Member of the Colorado Senate from the 22nd district
- In office 2011–2013
- Preceded by: Mike Kopp
- Succeeded by: Andy Kerr

Personal details
- Party: Republican
- Children: Patrick Neville
- Alma mater: Regis University

= Tim Neville =

American politician

Tim Neville is a former Republican member of the Colorado Senate from the 16th district. Neville was known for his hardline conservative stances on social issues, education and gun legislation.

== Biography ==
Neville was born and raised in Florida. He has a degree in business administration from Regis University and has lived in Jefferson County, Colorado since 1988. His professional experience includes managing Neville Insurance Associates, working in food distribution sales, and working in restaurant management.

Neville was appointed to the state senate in 2011 from District 22 and after redistricting he was elected from District 16 in November, 2014, when he defeated incumbent Democrat Sen. Jeanne Nicholson.
Neville won 34,758 votes to 32,615 for Nicholson.
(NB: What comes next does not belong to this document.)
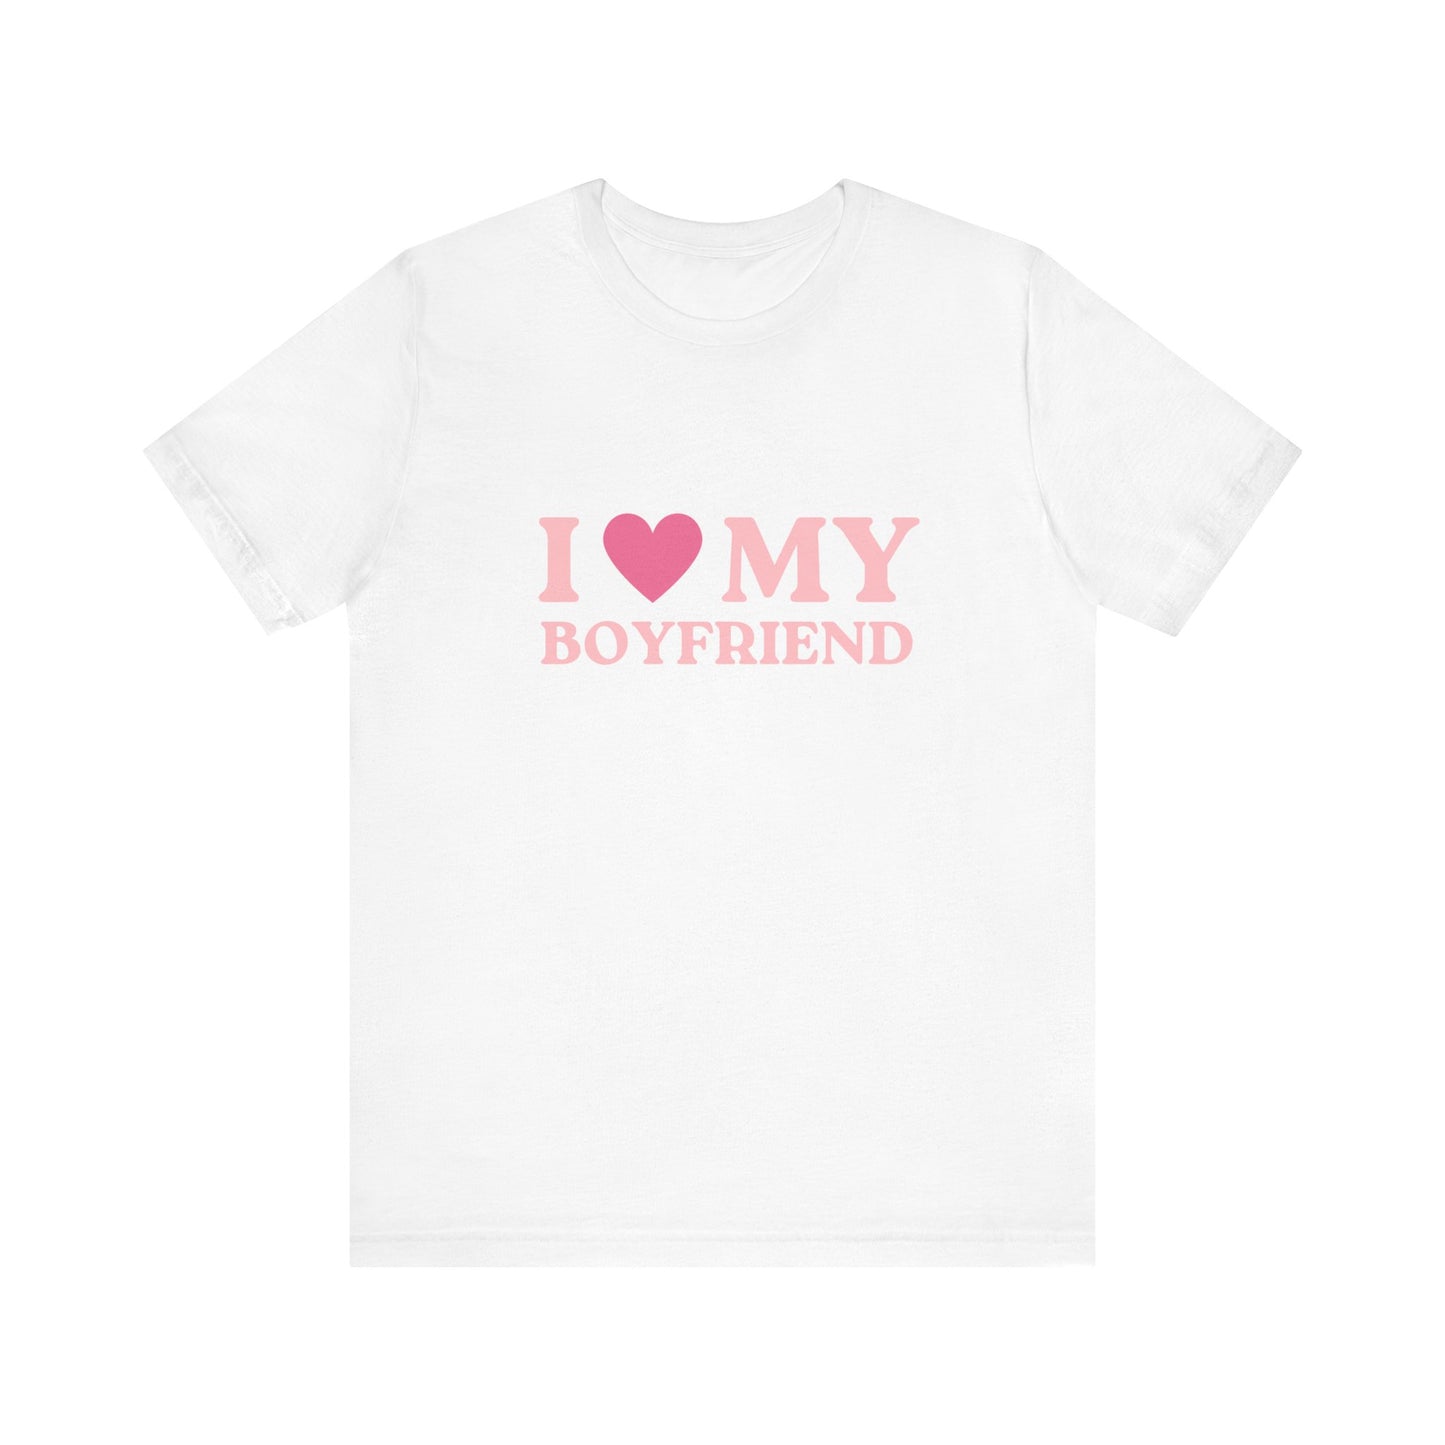 Love My Boyfriend Soft Unisex T-Shirt

In the Senate, Neville served as vice-chair of the Business Labor and Technology Committee, chairman of the Finance Committee, member of the Education Committee, chair of the Legislative Audit Committee, and vice chair of the Sales & Use Tax Simplification Task Force during the interim of 2018.

==Colorado State Senate==

Neville was the sponsor of Senate Bill 036 in 2016 that adjusted the requirements for the posting of a surety bond in conjunction with appealing a tax case. Prior to SB 036 being signed into law, a taxpayer who filed an appeal against the Colorado Department of Revenue was required to set aside twice the dollar amount which s/he was contesting regardless of which court hears the case. Upon the bill becoming law, however, that changed and the appellant is not required to set aside any money, unless s/he appeals to the Appellate or Supreme Court.
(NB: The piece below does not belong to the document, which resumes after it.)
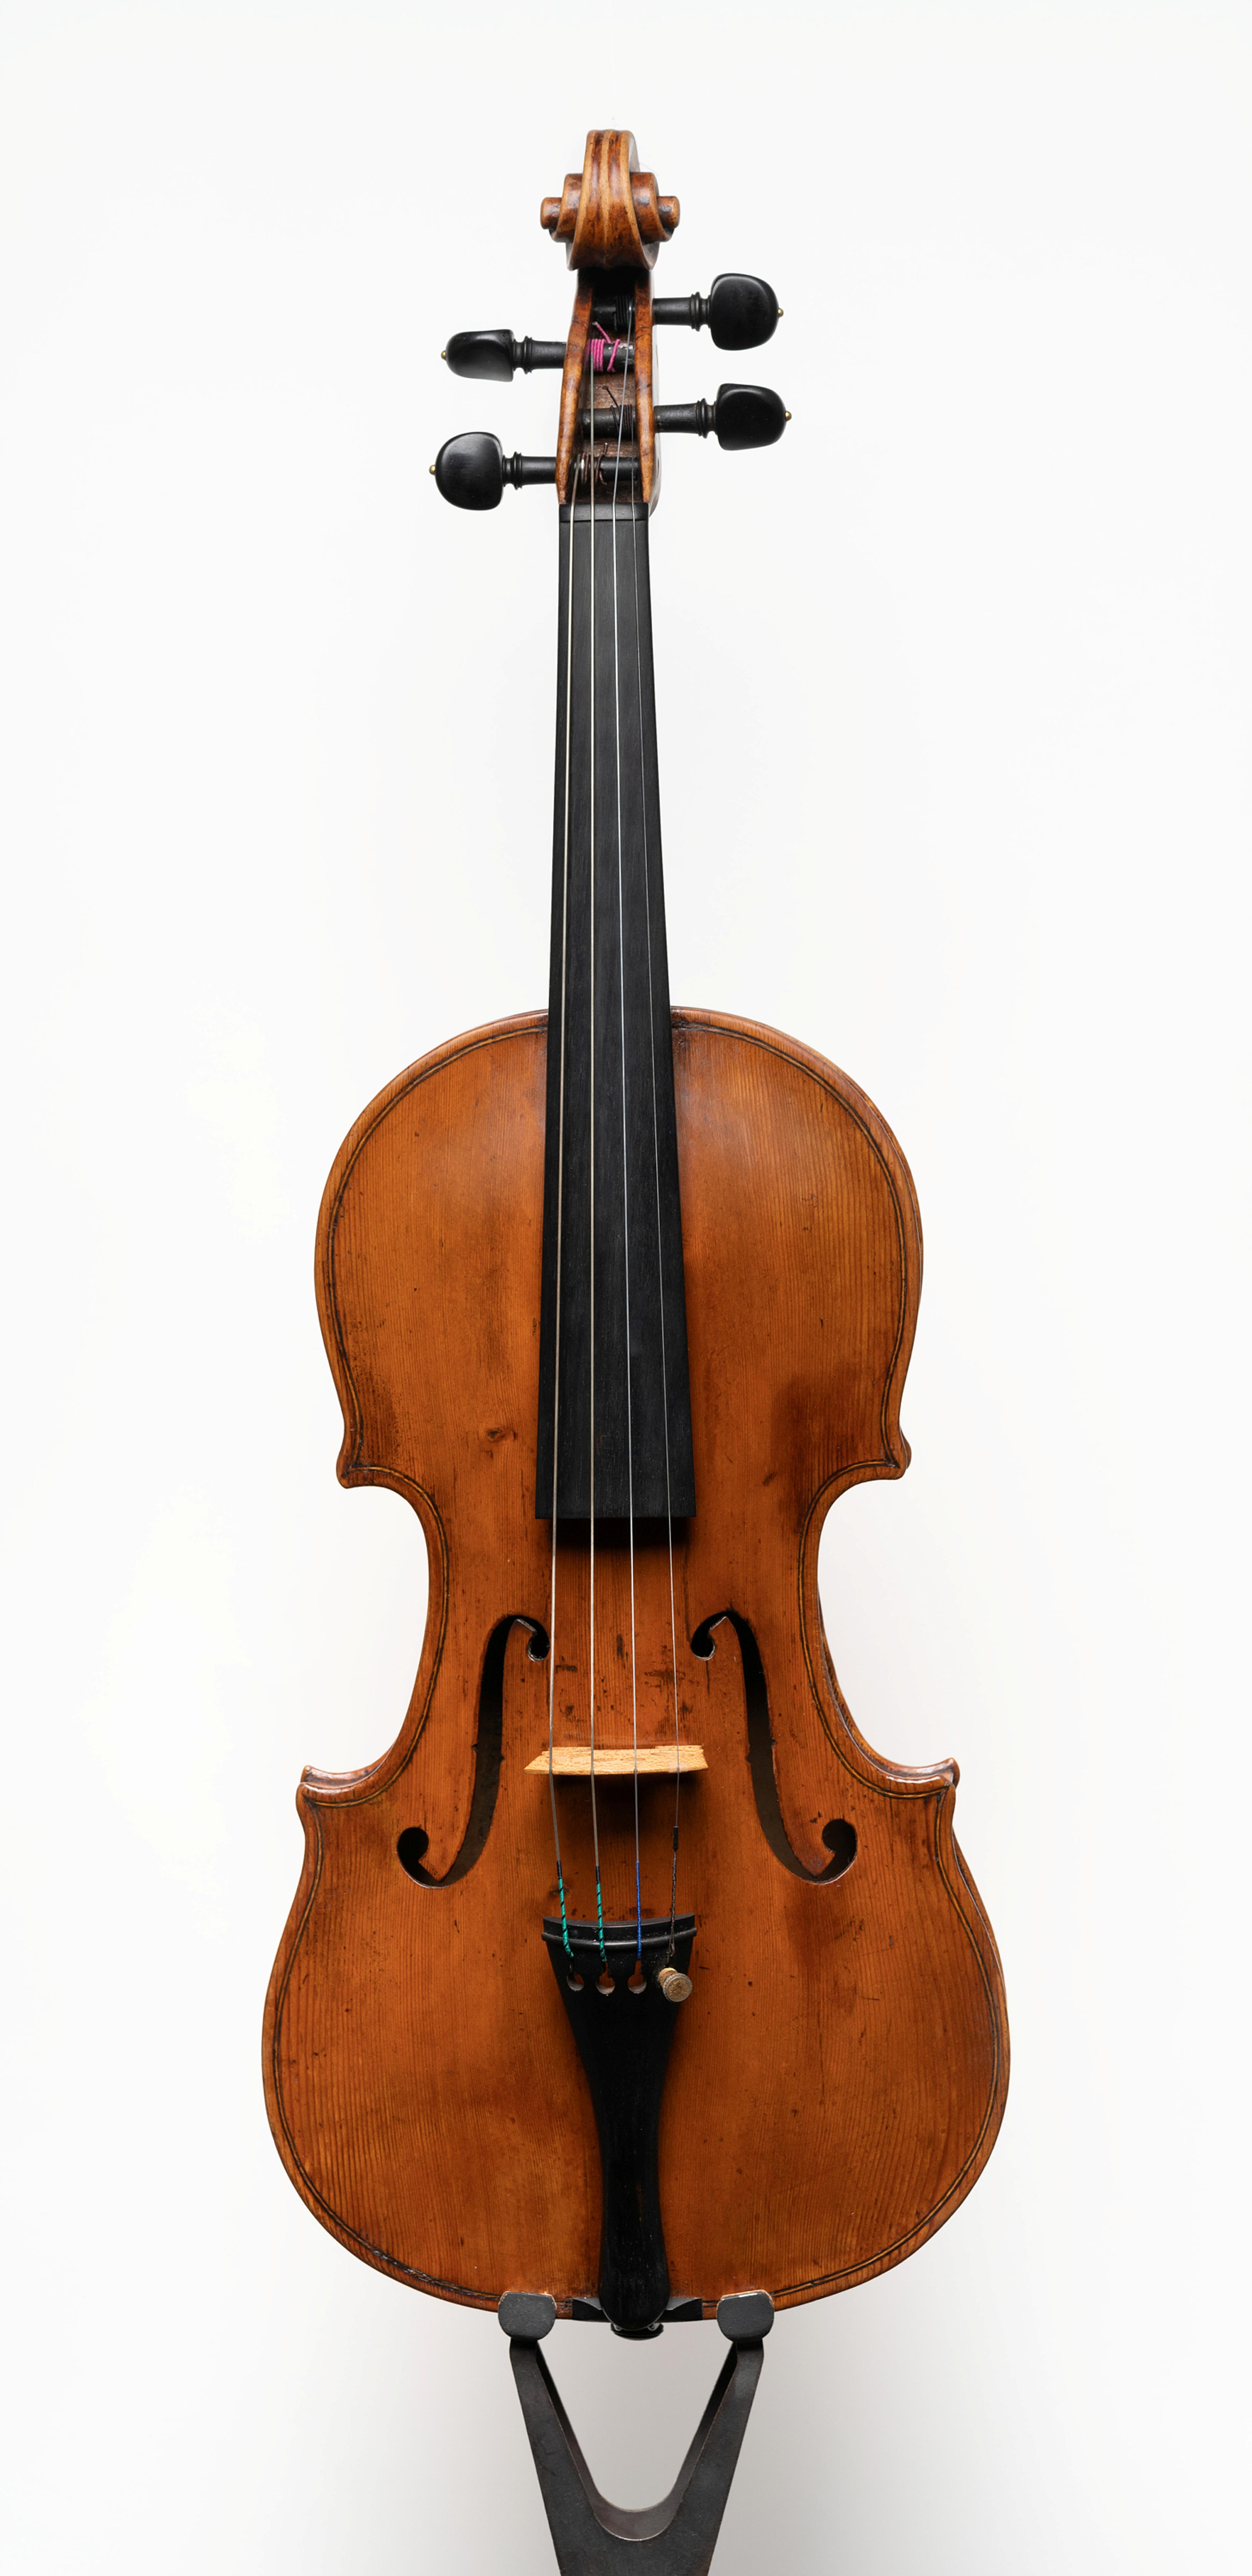 En fiolin tilhørende Ole Bull, avbildet mot hvit bakgrunn.

In 2017, Neville was the sponsor of House Bill 1313. This bill addressed some significant concerns within the protocol for executing civil asset forfeiture. HB 1313 strengthened citizens’ rights when their property is seized and puts safeguards in place to help eliminate possible fraud.

In Education policy, he sponsored Senate Bill 62 in 2017 which prohibited colleges from abridging free speech on campus, and in 2018, Senate Bill 269 which provided funding for schools to implement school safety measures to reduce school violence.

Among his health care and safety efforts are included House Bill 1381 concerning marijuana integration regulations and Senate Bill 270 which established a state-wide referral program to aide at-risk individuals in obtaining referrals for mental health treatment. Both of these bill passed and were signed into law in 2018.

=== 2018 election ===
In the 2018 Senate elections, Neville's district was considered one of the two most competitive seats held by a Republican and was targeted by Democrats in their aim to regain control of the state Senate. Neville narrowly won the seat in 2014 and Hillary Clinton won the district in the 2016 presidential election. Despite the highly competitive nature of the district, Neville continued to run as a hardline conservative in an area quickly trending Democratic. He previously pushed legislation aimed at restricting abortion and loosening gun laws. Neville's Democratic challenger was Tammy Story, an education reformer. He lost the race by around a 14% margin to Story.

==U.S. Senate candidacy==

In 2016, Neville was a candidate in the Republican primary for nomination for the U.S. Senate seat currently held by Michael Bennet. He was eliminated at the state convention.

==Family==
Neville's son, Patrick, used to serve as the Minority Leader of the Colorado House of Representatives.